3. Time your code for various values of `userId` and `threshold`. What accounts for the variation in timing?

In [391]:
import timeit

mysetup = '''import pandas as pd
given_userId = 700
threshold_distance = 130
movies_directory = '../../04-analysis-and-visualization/04-05-recommendations/ml-latest-small/'
# movies_directory = '../../04-analysis-and-visualization/04-05-recommendations/ml-latest-tiny/'
movies = pd.read_csv(movies_directory+'movies.csv',header = 0) 
ratings = pd.read_csv(movies_directory+'ratings.csv',header = 0)'''


mycode = ''' 
def recommendation_movies(given_userId, threshold_distance):
    ratings_np = ratings.to_numpy(dtype=np.float32)
    x = ratings_np
    the_x_2d = x[np.where(x[:,0] == given_userId)][:, [2]]
    the_x_2d = the_x_2d[0].reshape(1,1) # pick the first one in case we have multiple ratings records for user.
    the_x = the_x_2d.reshape(the_x_2d.shape[0])
    
    all_x_2d = ratings_np[:, [2]]
    all_x = all_x_2d.reshape(all_x_2d.shape[0])
    all_u_2d = ratings_np[:, [0]]
    all_u = all_u_2d.reshape(all_u_2d.shape[0])
    all_m_2d = ratings_np[:, [1]]
    all_m = all_m_2d.reshape(all_m_2d.shape[0])
    dm = distance_matrix(all_x_2d, all_x_2d)
    a = np.apply_along_axis(lambda x: sqrt(sum([_*_ for _ in x])), 0, dm)
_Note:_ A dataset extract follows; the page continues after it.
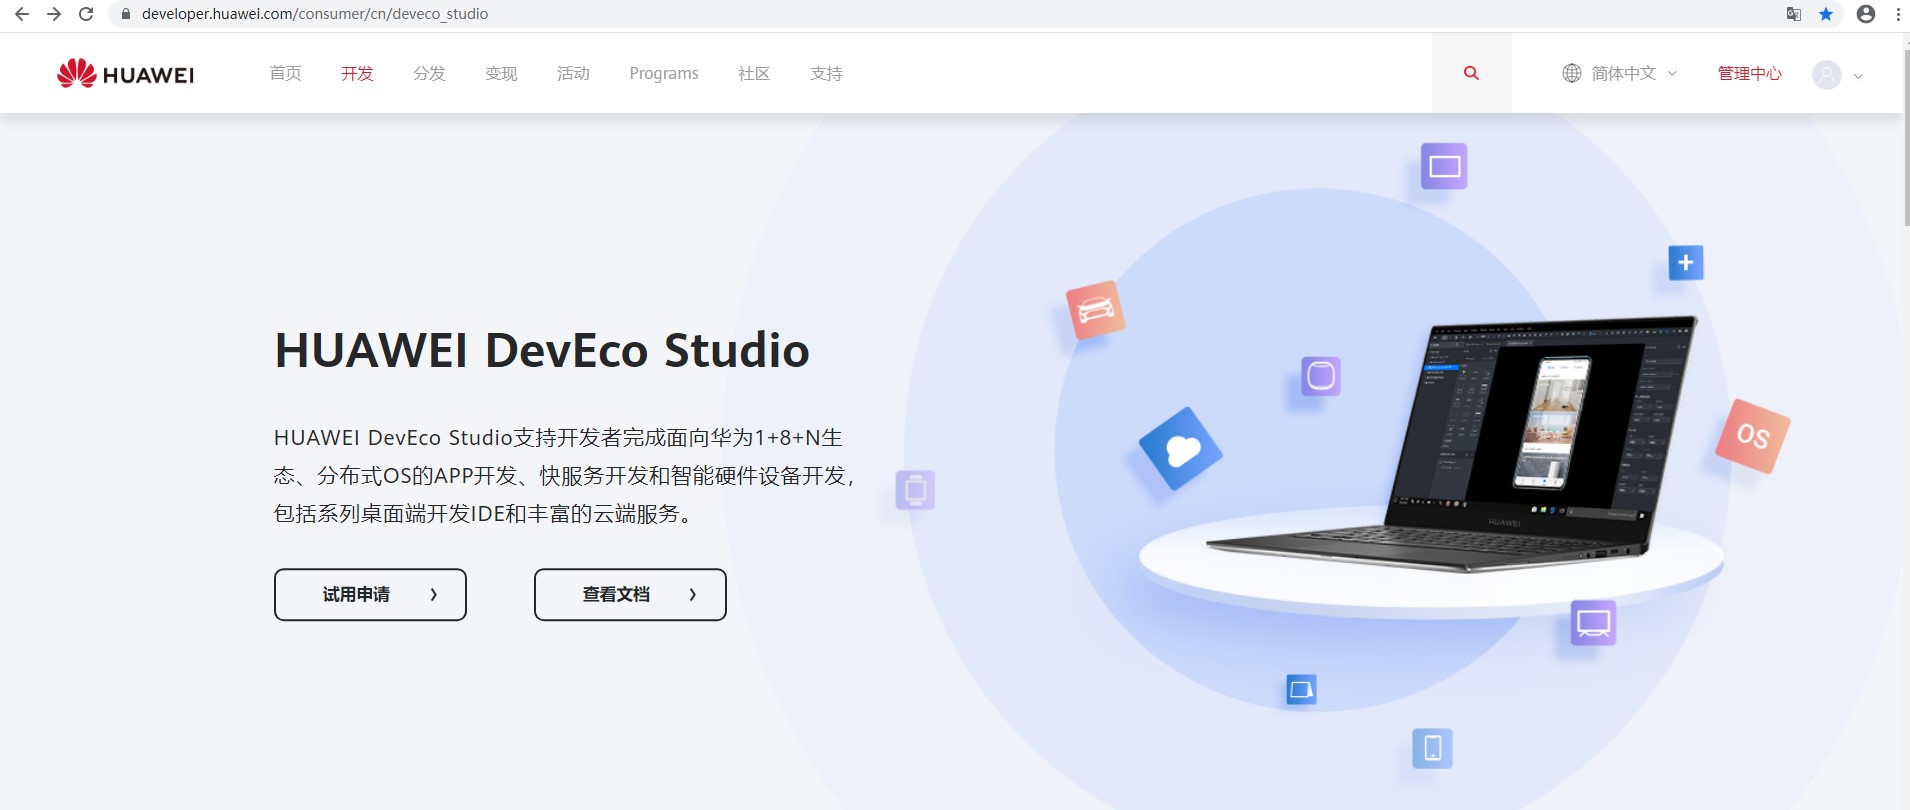 DevEco Studio使用指南上新篇-移动设备管理（MDM）-鸿蒙开发者社区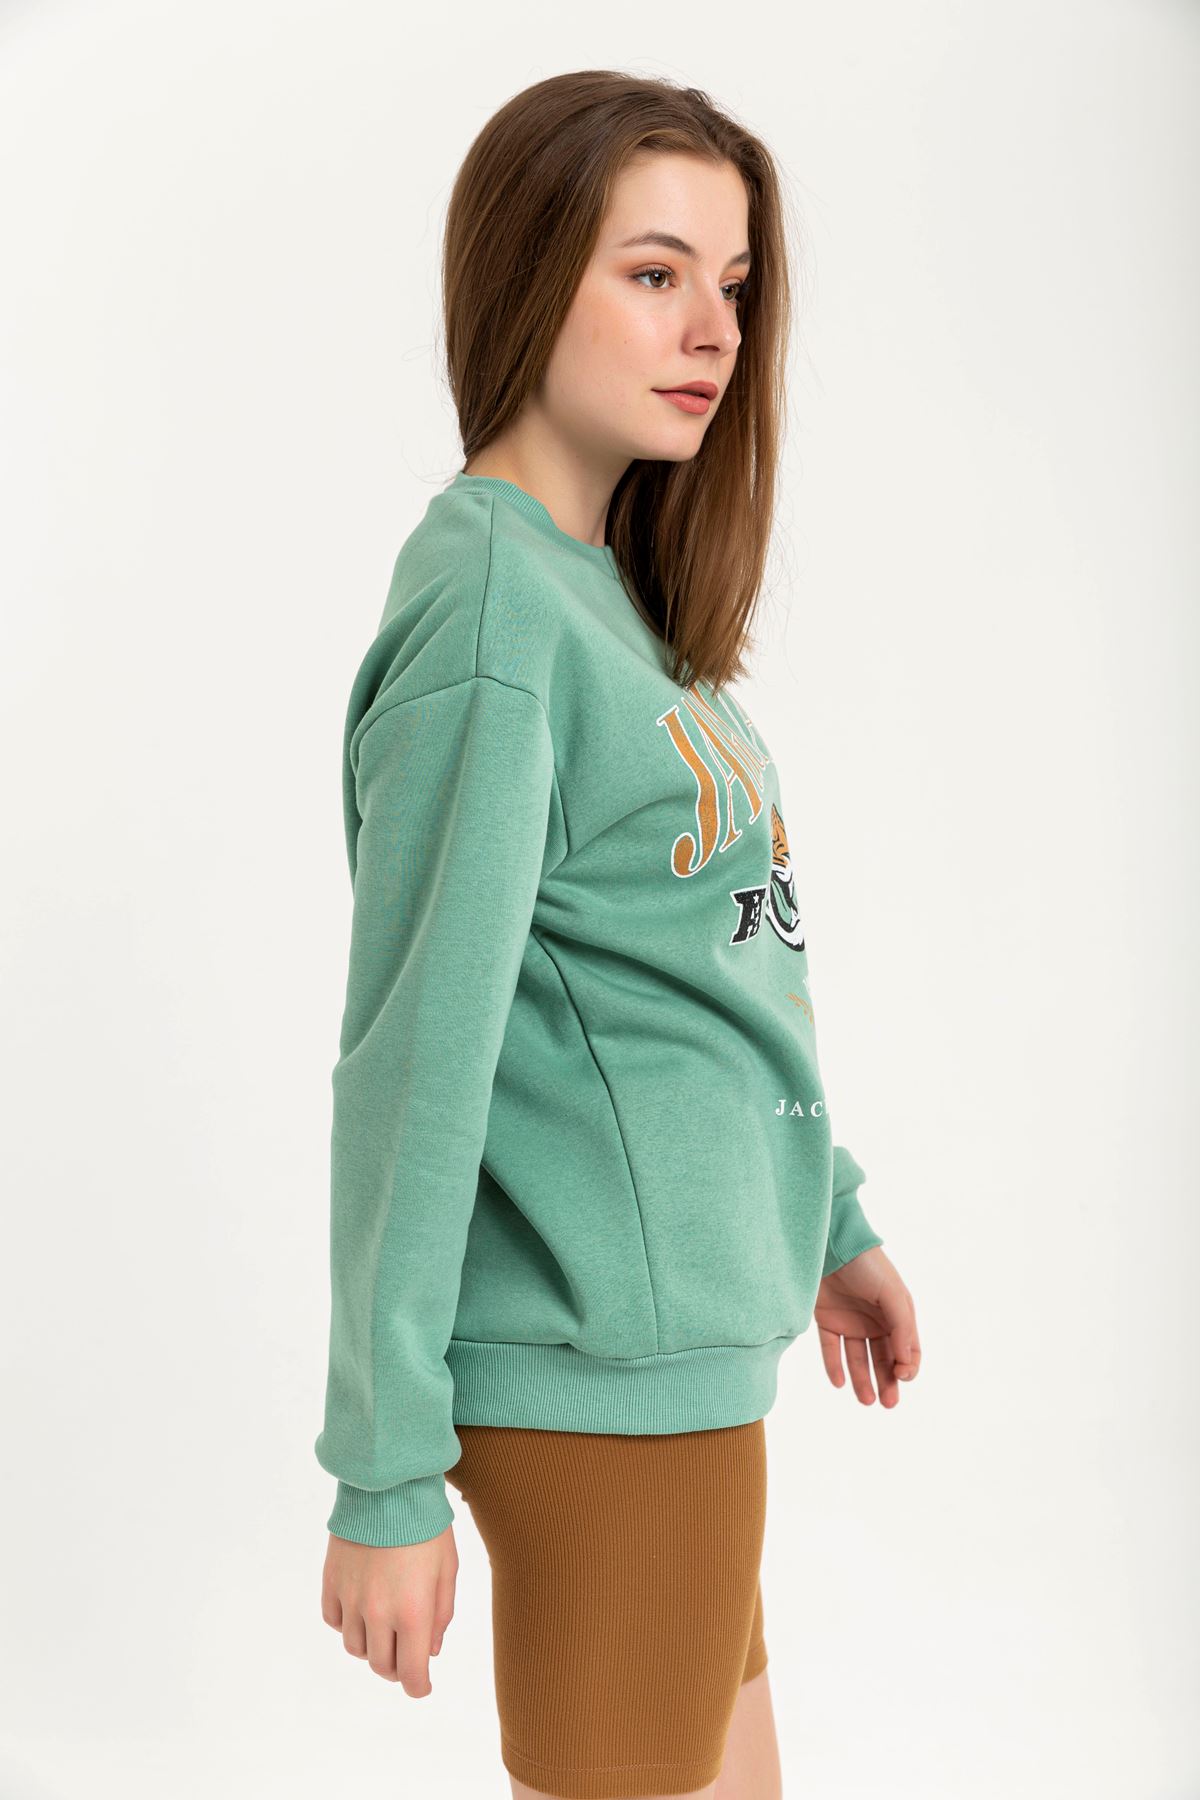 Jesica Fabric Long Sleeve Hooded Oversize Zip Women Sweatshirt - Mint

    dists = np.stack([all_u,
                  all_m, a])

    dists_df = DataFrame(dists.transpose(), columns=['u', 'm', 'x'])
    
    dists_df = dists_df[dists_df['x'] < threshold_distance]
    
    candidates_df = dists_df[dists_df['u'] == given_userId]
    candidates_np = candidates_df['m']
    dists_np = dists_df['m']
    candidate_movies = [i for i in set(dists_np) if not i in set(candidates_np) ]
    
    np.isin(movies['movieId'], list(candidate_movies))
    return movies[np.isin(movies['movieId'], list(candidate_movies))]
    
'''
# timeit statement 
timeit.timeit(setup=mysetup, stmt=mycode, number=100, globals=None)

1.0371208190917969e-05

In [388]:
# user 607, thres = 130:  1.0015908628702164e-05
# user 607, thres = 500:  1.0098796337842941e-05
# user 607, thres = 1000: 1.0150950402021408e-05

In [392]:
# user 700, thres = 130: 1.0371208190917969e-05
# user 700, thres = 500: 1.3859011232852936e-05
# user 700, thres = 1000: 1.0411720722913742e-05

userID accounts for the variation in timing.